很抱歉问这个问题,但它看起来像是打破了参考透明度.
在探索问题并将其分解时(问题是获取列表列表的对角元素)我想出了这个(正确工作)解决方案:
import Data.List
nums = [[1,2,3,4], [5,6,7,8], [9,10,11,12], [13,14,15,16]]
southwest = transpose . zipWith (drop) [0..]

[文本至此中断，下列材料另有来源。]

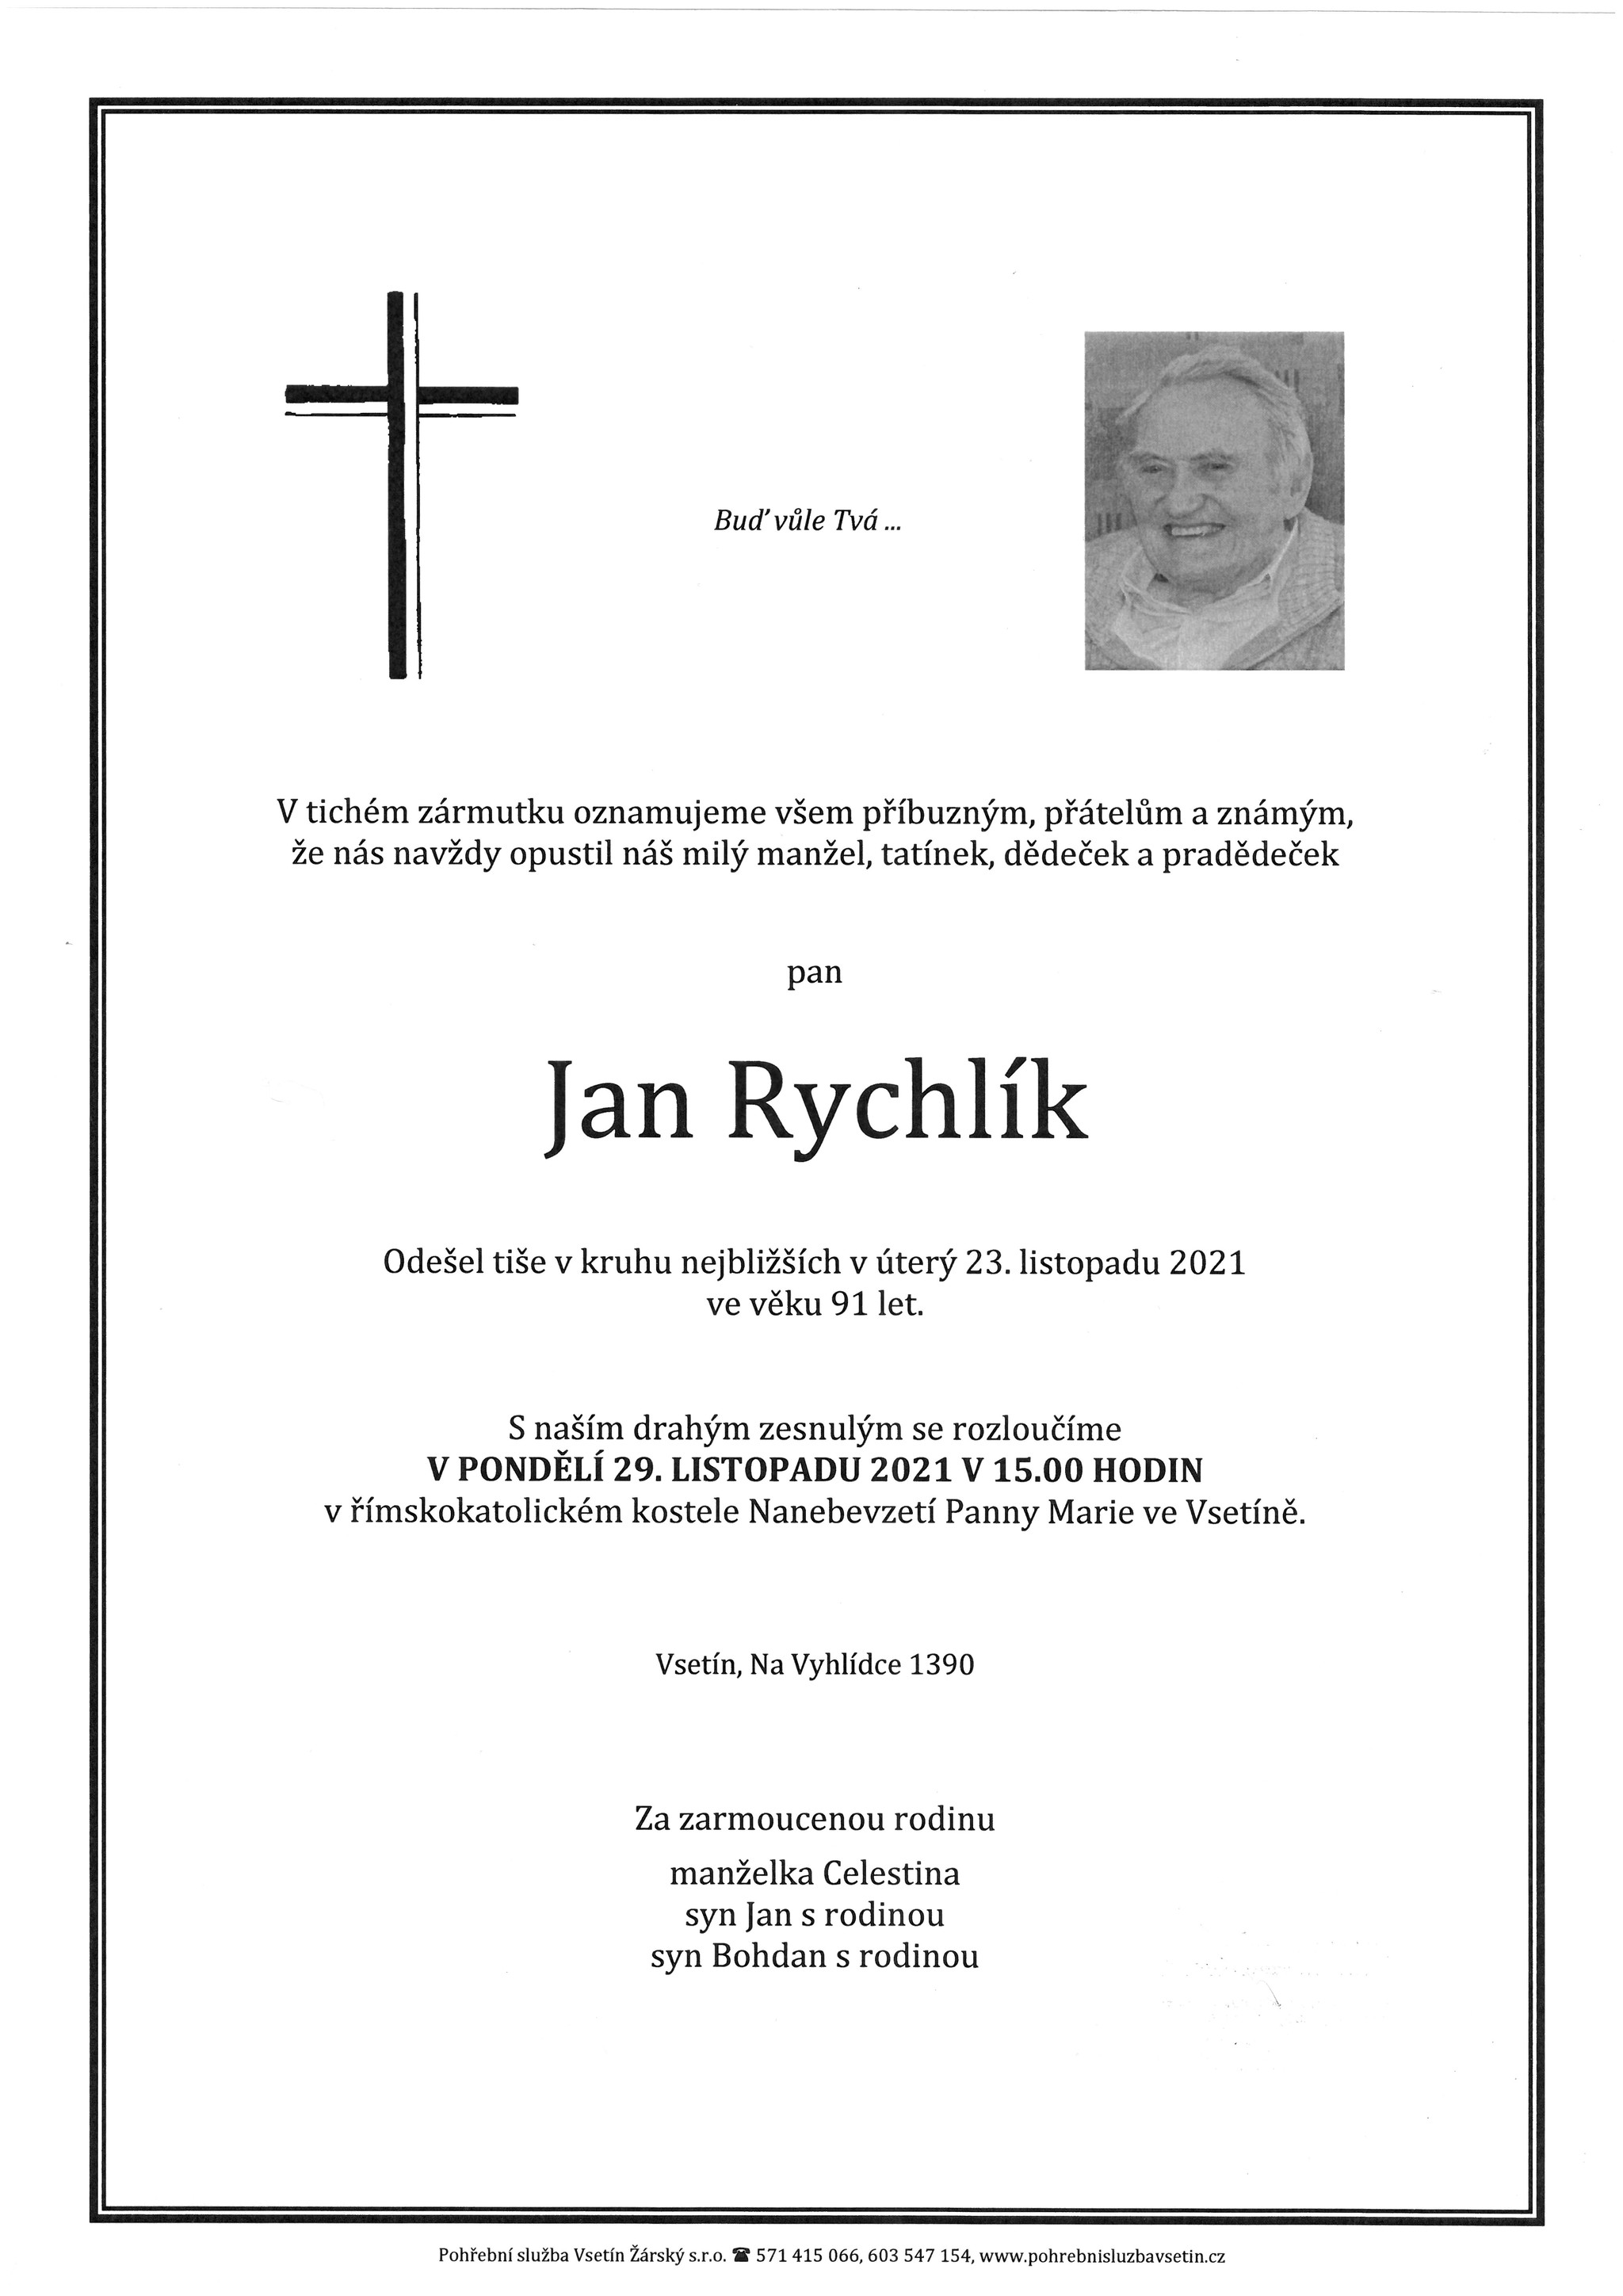 Jan Rychlík
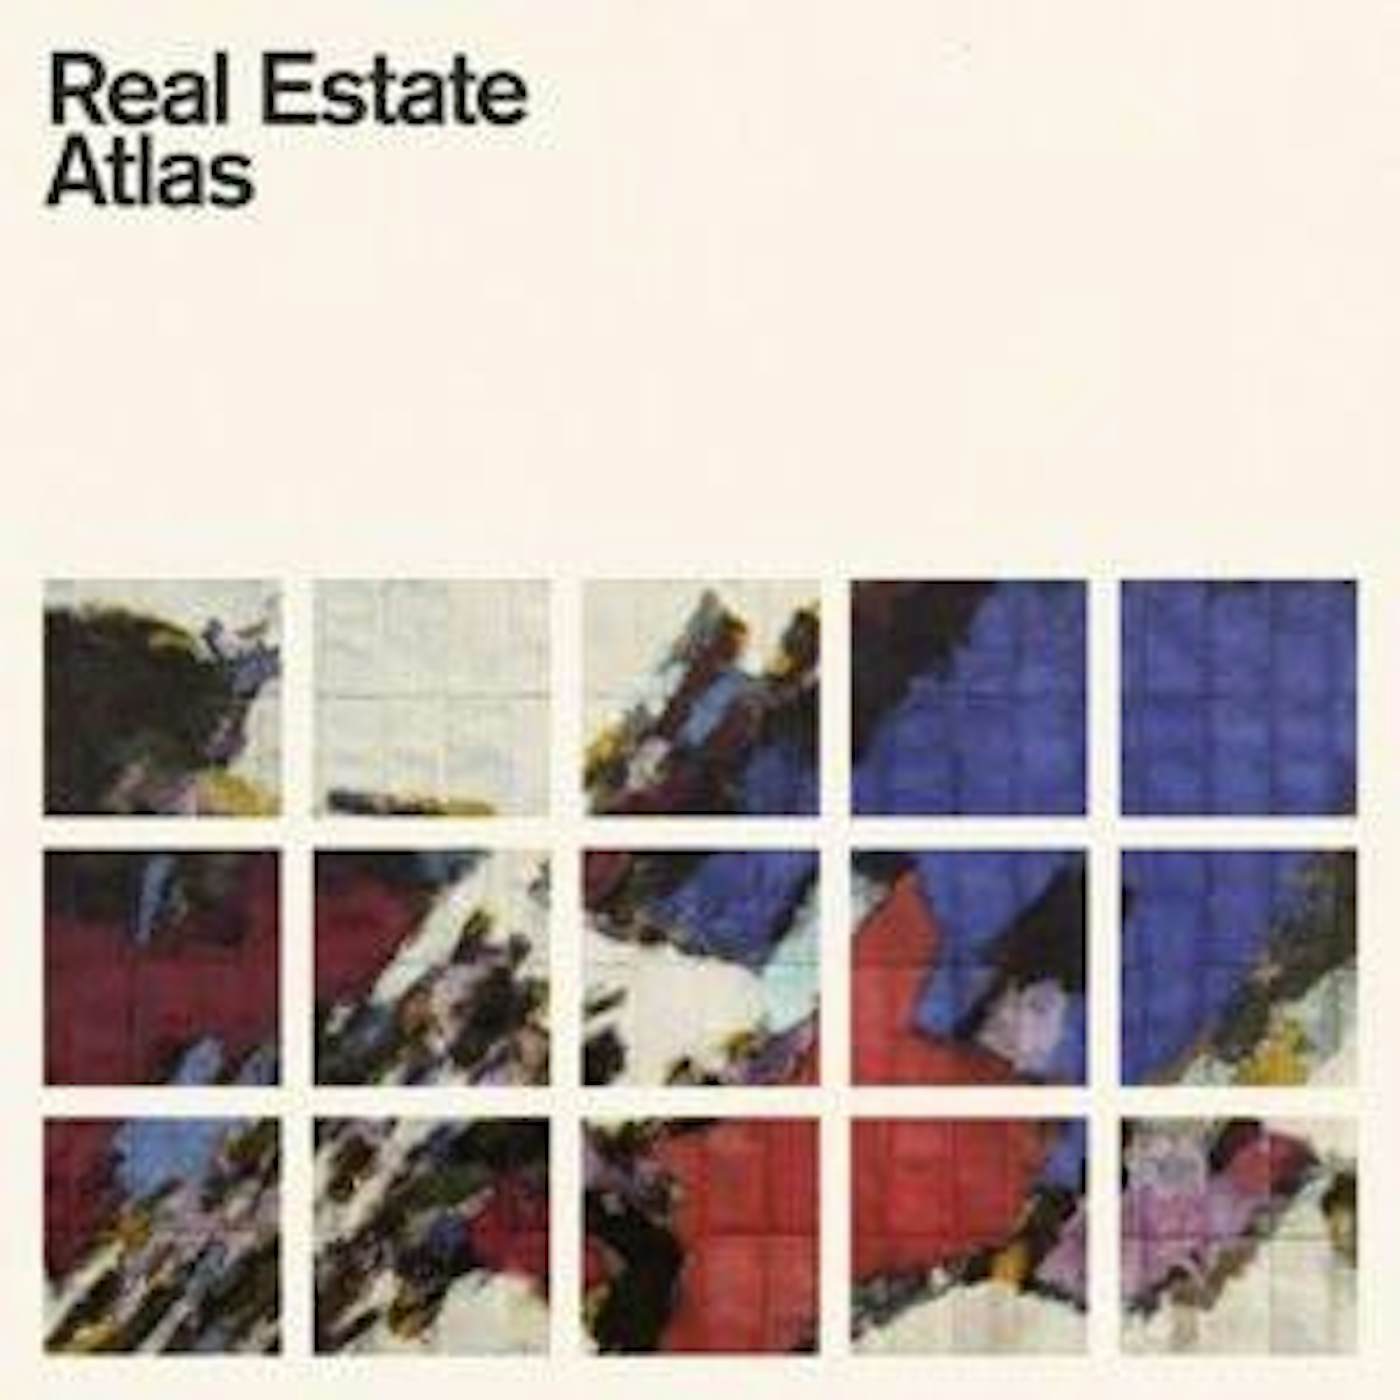 Real Estate ATLAS CD

southwest2 = transpose . zipWith (drop) [0..] . transpose
my_ans = southwest nums ++ southwest2 nums
(注意它包含两次中间行,这对我的用例来说不是问题)
现在很明显,很容易被重构.在第一次尝试以无点样式编写它之后,我认为通过这些尝试简单地编写它是非易点的:
my_ans2 x = (diagFunc x) ++ (diagFunc . transpose x)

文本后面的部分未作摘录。